Arnall Golden Gregory partner John L. Gornall Jr. has been a facilitator of the Korean invasion of Middle Georgia.
Gornall and other AGG lawyers have advised four separate Korean companies on negotiating economic incentives for their new manufacturing plants in Middle Georgia. The AGG attorneys have also advised the companies on sundry other matters, including real estate, supplier contracts and environmental permits. The plants will supply the Kia Motors Corp. manufacturing facility under construction near West Point.
Hyundai Mobis will build a 310,000-square-foot plant to supply assorted auto parts to Kia. Glovis will build a 558,131-square-foot plant to provide auto parts and provide logistics services. Both the Hyundai Mobis and Glovis facilities will be located on the site of the Kia plant.

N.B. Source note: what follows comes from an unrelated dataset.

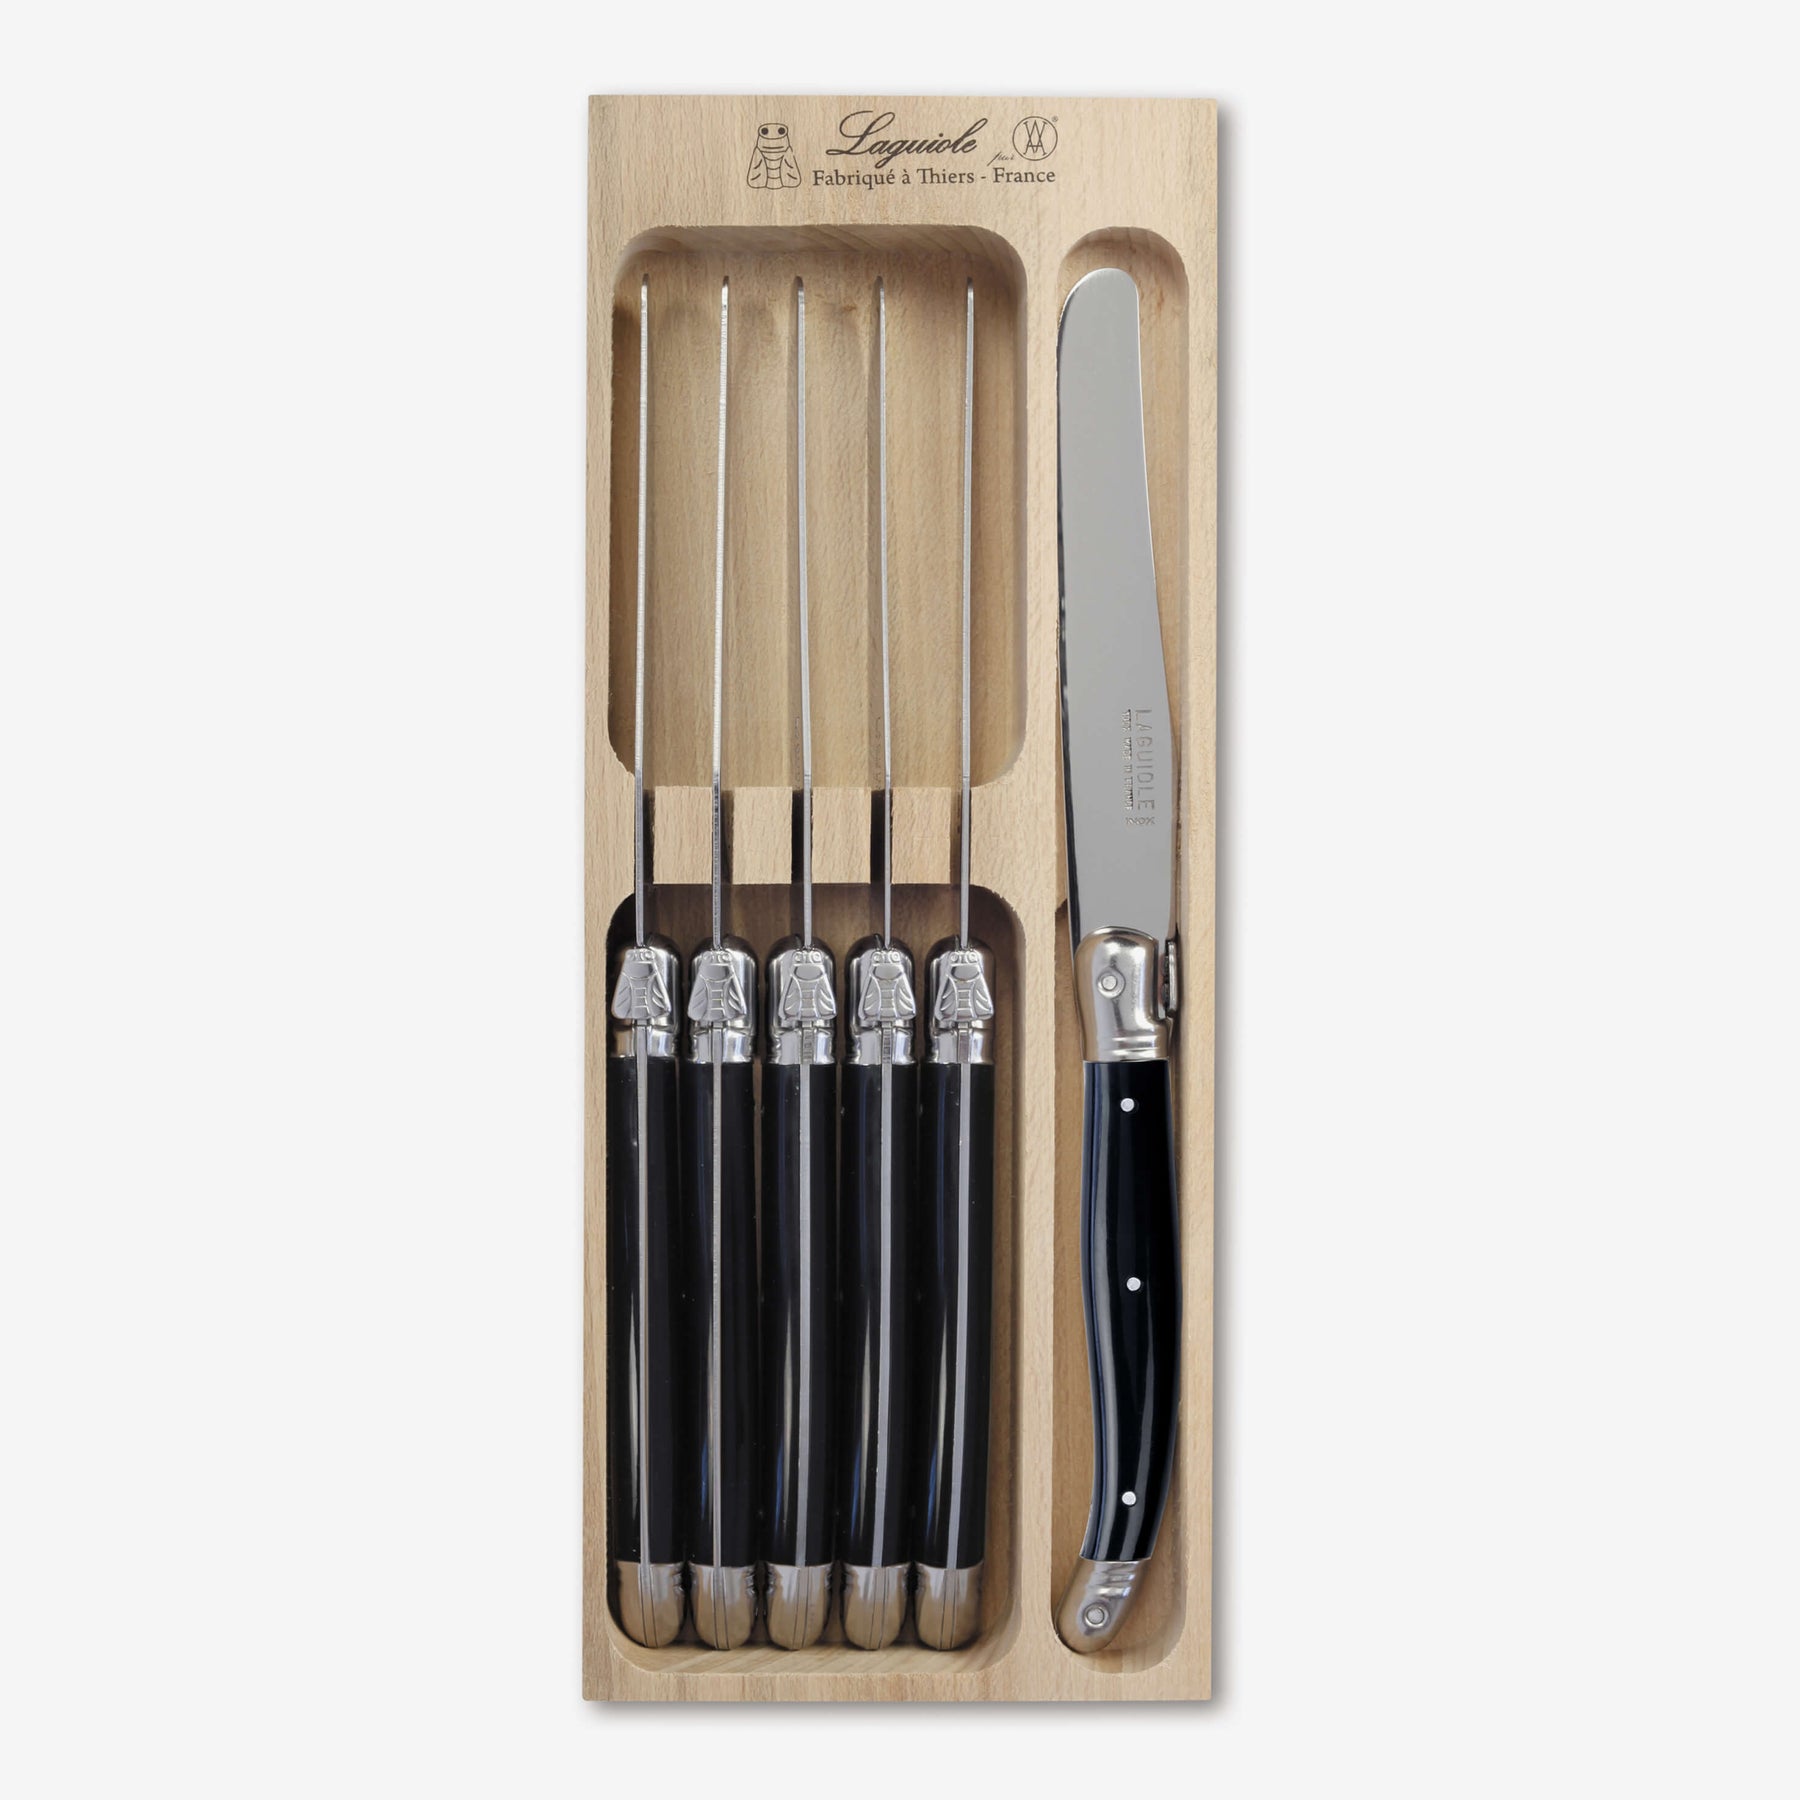 6 Piece Dinner Knife Set in Wooden Tray

Dongwon Autopart Technology is building a 120,000 to 150,000-square-foot plant in Meriwether County where it will build door frames, side impact beams, roof molding, side absorbers and cross bars. And Kumho Tire Co. is building its first U.S. manufacturing facility in Bibb County. Kumho will supply not only Kia, but other automotive manufacturers located in the Southeast, Gornall said.
With all four clients, AGG teamed up with the law firm Kim & Chang of Seoul, South Korea.
AGG was able to nab the clients because of the firm’s previous work on behalf of the state of Georgia in its talks with Kia, Gornall said. The Kia plant, to be located off Interstate 85 about three miles east of the Alabama state line
, will assemble small sedans and is expected to be fully operational in late 2009. It will be Kia’s first manufacturing plant in the U.S.
Although there was no formal, written agreement between Kia Motors and the state of Georgia that Kia’s suppliers would locate in the state, it has ended up that most suppliers have picked Georgia, Gornall said.
“One thing that I’ve been impressed with, Kia just had a gentlemen’s agreement with the state in that they would urge their suppliers to locate in Georgia,” he said. “They have certainly done that.”
Gornall noted that the state of Alabama offered competitive incentive packages to each of the Kia suppliers that AGG represented.
AGG’s work involved a stew of legal practices. Economic-development lawyers must be familiar with the law of commercial real estate, taxation, local governments, labor and employment, public finance, corporate, immigration, environmental, government regulations and contracts, among others.
“We have to know enough about all of this to be dangerous,” said AGG partner Andrew J. Schutt, who worked with Gornall advising the Korean suppliers.
One of the largest tasks has been negotiating supply contracts with local water/sewer providers and with railroads, Schutt said.
AGG of counsel Hyun-Zu “Yonni” Kim, who is fluent in Korean, was also involved in the negotiations.
Although he couldn’t name names, nor would he say whether AGG was working on the deals, Gornall did say that these aren’t the last of the overseas Kia suppliers who will locate in Middle Georgia. More announcements are coming, he said.